Look through the records below for the line with "Marc O'Polo Herren" and the line with "Image Korean Fashion", then return those lines and all lines between, exactly.
SOURCE MATERIAL START
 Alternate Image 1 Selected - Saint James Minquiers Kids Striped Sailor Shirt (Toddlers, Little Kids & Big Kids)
SOURCE MATERIAL END
SOURCE MATERIAL START
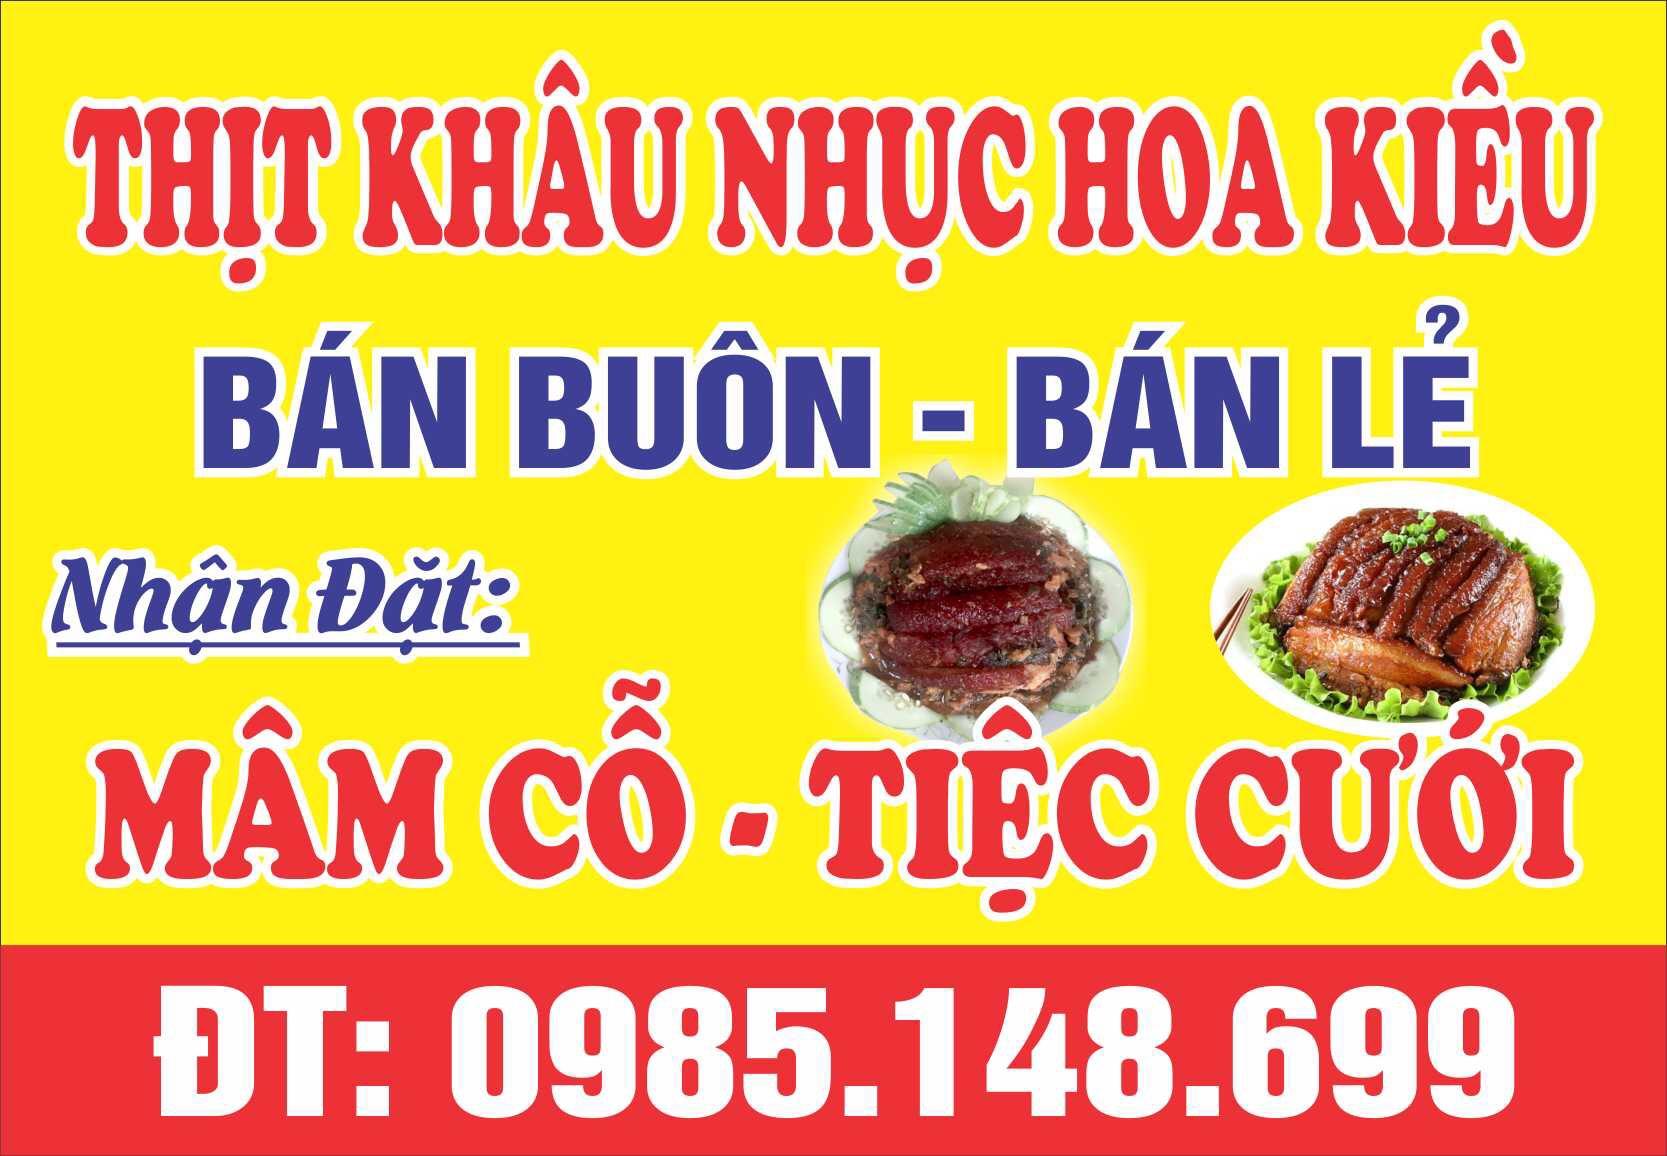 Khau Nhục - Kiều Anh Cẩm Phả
SOURCE MATERIAL END
SOURCE MATERIAL START
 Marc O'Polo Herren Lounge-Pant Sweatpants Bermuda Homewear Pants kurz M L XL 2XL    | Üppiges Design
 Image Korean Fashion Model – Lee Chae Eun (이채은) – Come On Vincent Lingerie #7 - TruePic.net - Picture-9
SOURCE MATERIAL END
PROBLEM SOLUTION ::
 Marc O'Polo Herren Lounge-Pant Sweatpants Bermuda Homewear Pants kurz M L XL 2XL    | Üppiges Design
 Image Korean Fashion Model – Lee Chae Eun (이채은) – Come On Vincent Lingerie #7 - TruePic.net - Picture-9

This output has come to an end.